Tahapan kemajuan fisik pembangunan dicantumkan dalam rekomendasi ekspor yang diterbitkan oleh menteri yang menyelenggarakan urusan pemerintahan di bidang energi dan sumber daya mineral.
Namun demikian, jika mengacu pada aturan sebelumnya, PTFI seharusnya dibebaskan tarif bea keluar karena pembangunan proyek smelter telah melebihi 50%. Pasalnya, progres pembangunan smelter tembaga baru milik PT Freeport Indonesia di Gresik, Jawa Timur, hingga akhir Juli 2023 dilaporkan telah mencapai 75%.
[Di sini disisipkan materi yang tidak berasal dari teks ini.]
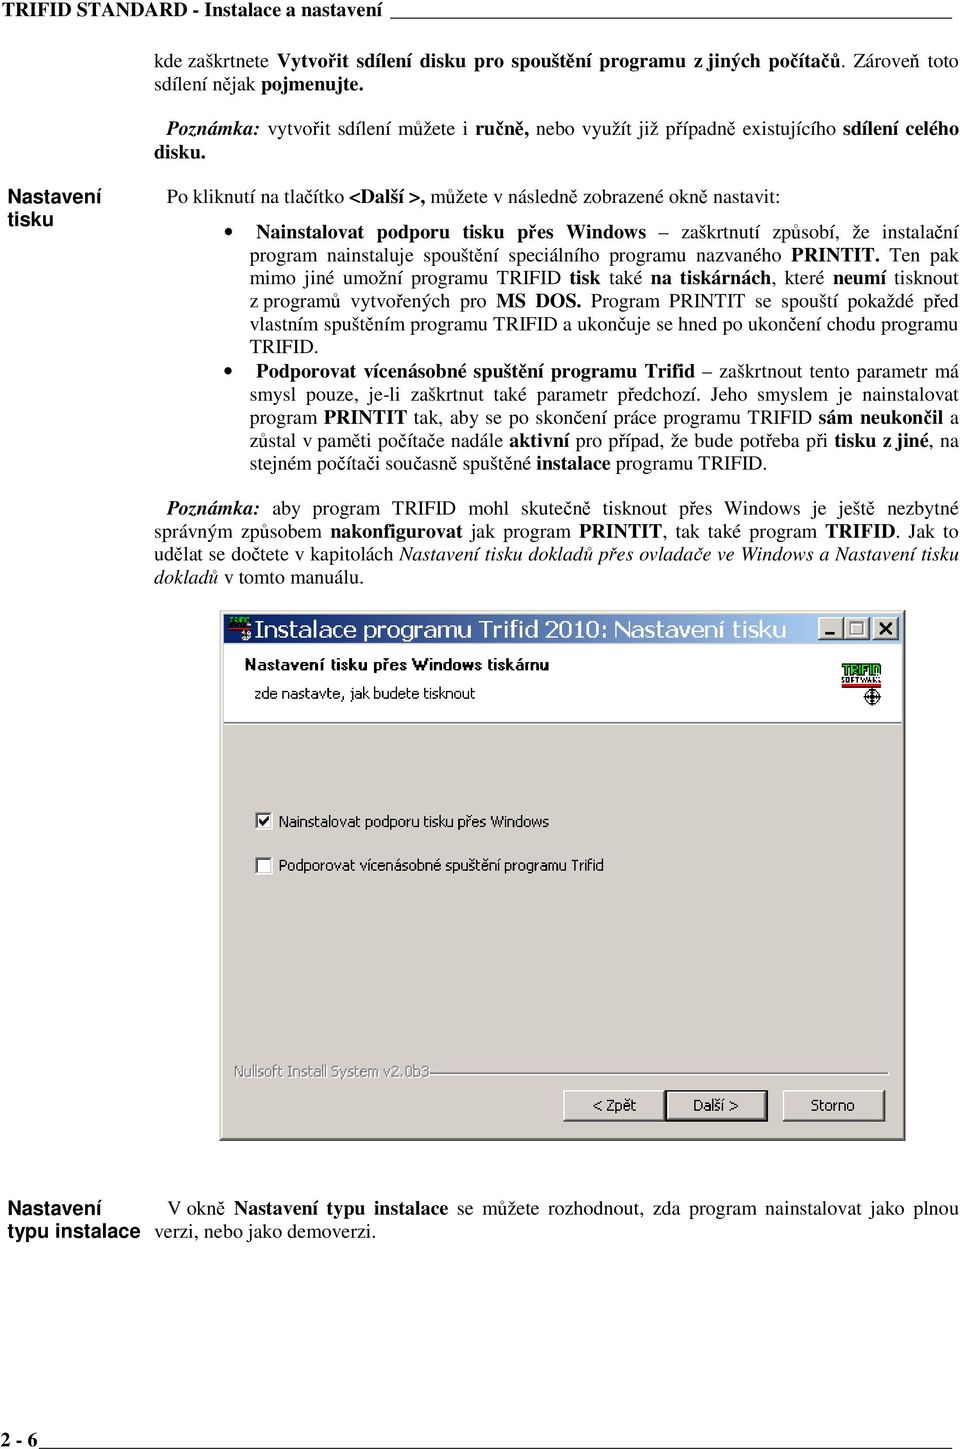 Nastavení tisku Po kliknutí na tlačítko <Další >, můžete v následně zobrazené okně nastavit: Nainstalovat podporu tisku přes Windows zaškrtnutí způsobí, že instalační program nainstaluje spouštění

Sesuai Izin Usaha Pertambangan Khusus (IUPK) yang diberikan pemerintah untuk PTFI, bea keluar merujuk pada PMK 164 Tahun 2018. Berikut ketentuannya:
- Tahap I dalam hal tingkat kemajuan fisik pembangunan sampai dengan 30 (tiga puluh persen) dari total pembangunan, maka perusahaan akan dikenakan bea keluar 5%.
- Tahap II, dalam hal tingkat kemajuan fisik pembangunan lebih dari 30% (tiga puluh persen) sampai dengan 50% (lima puluh persen) dari total pembangunan, akan dikenakan bea keluar 2,5%.
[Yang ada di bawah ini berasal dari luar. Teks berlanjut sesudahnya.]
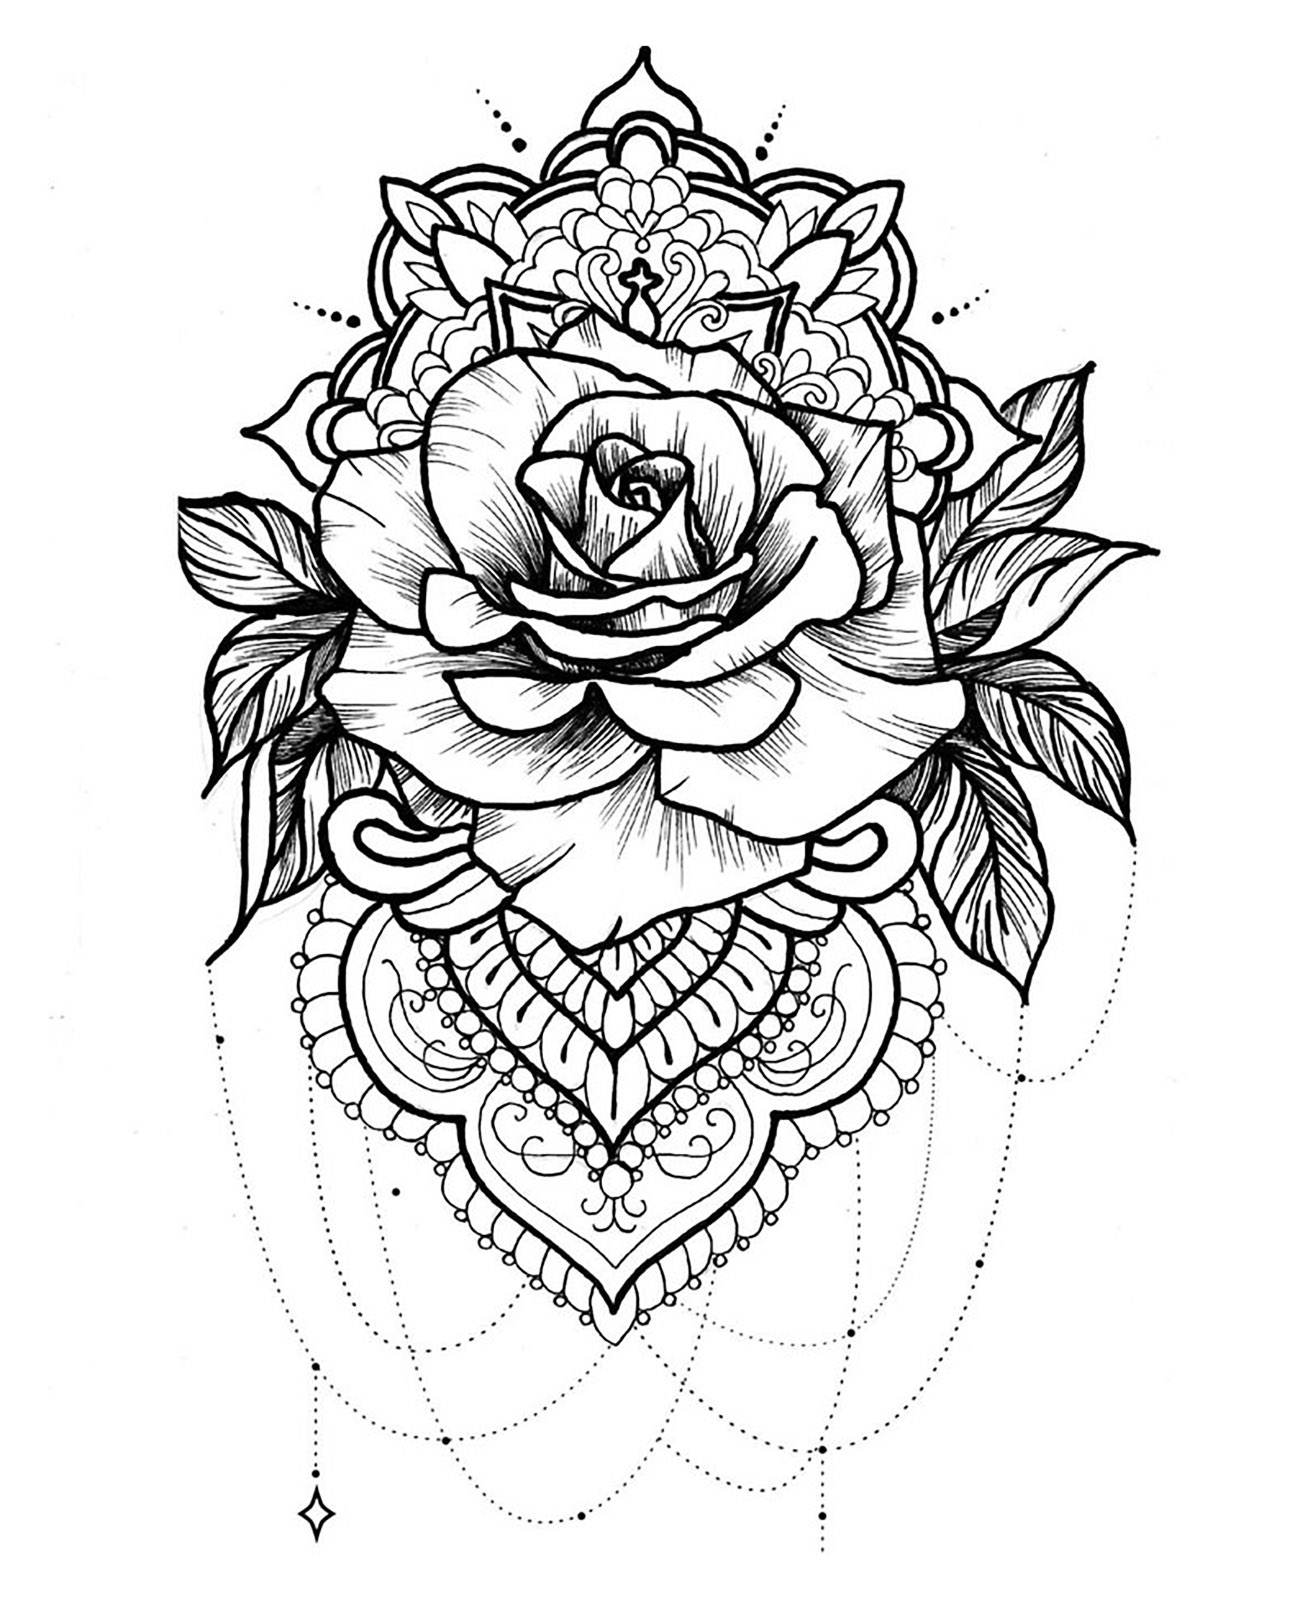 Eine hübsche Rose, die mit einem Mandala verwechselt wurde - ein wunderschönes Tattoo!

- Tahap III, dalam hal tingkat kemajuan fisik pembangunan lebih dari 50% (lima puluh persen) dari total pembangunan dikenakan bea keluar 0%.
Proyek smelter tembaga senilai US$ 3 miliar ini ditargetkan beroperasi pada Mei 2024 mendatang.
Smelter yang digadang-gadang sebagai smelter single line atau satu jalur terbesar di dunia ini diklaim mampu menyerap konsentrat tembaga sebanyak 1,7 juta ton per tahun. Nantinya, produk katoda tembaga yang dihasilkan bisa mencapai 600 ribu ton per tahun.
Selain menghasilkan produk katoda tembaga, smelter ini nantinya akan menghasilkan produk sampingan diantaranya produk yang terkandung dalam lumpur anoda yakni emas dan perak murni sebanyak 6 ribu ton per tahun.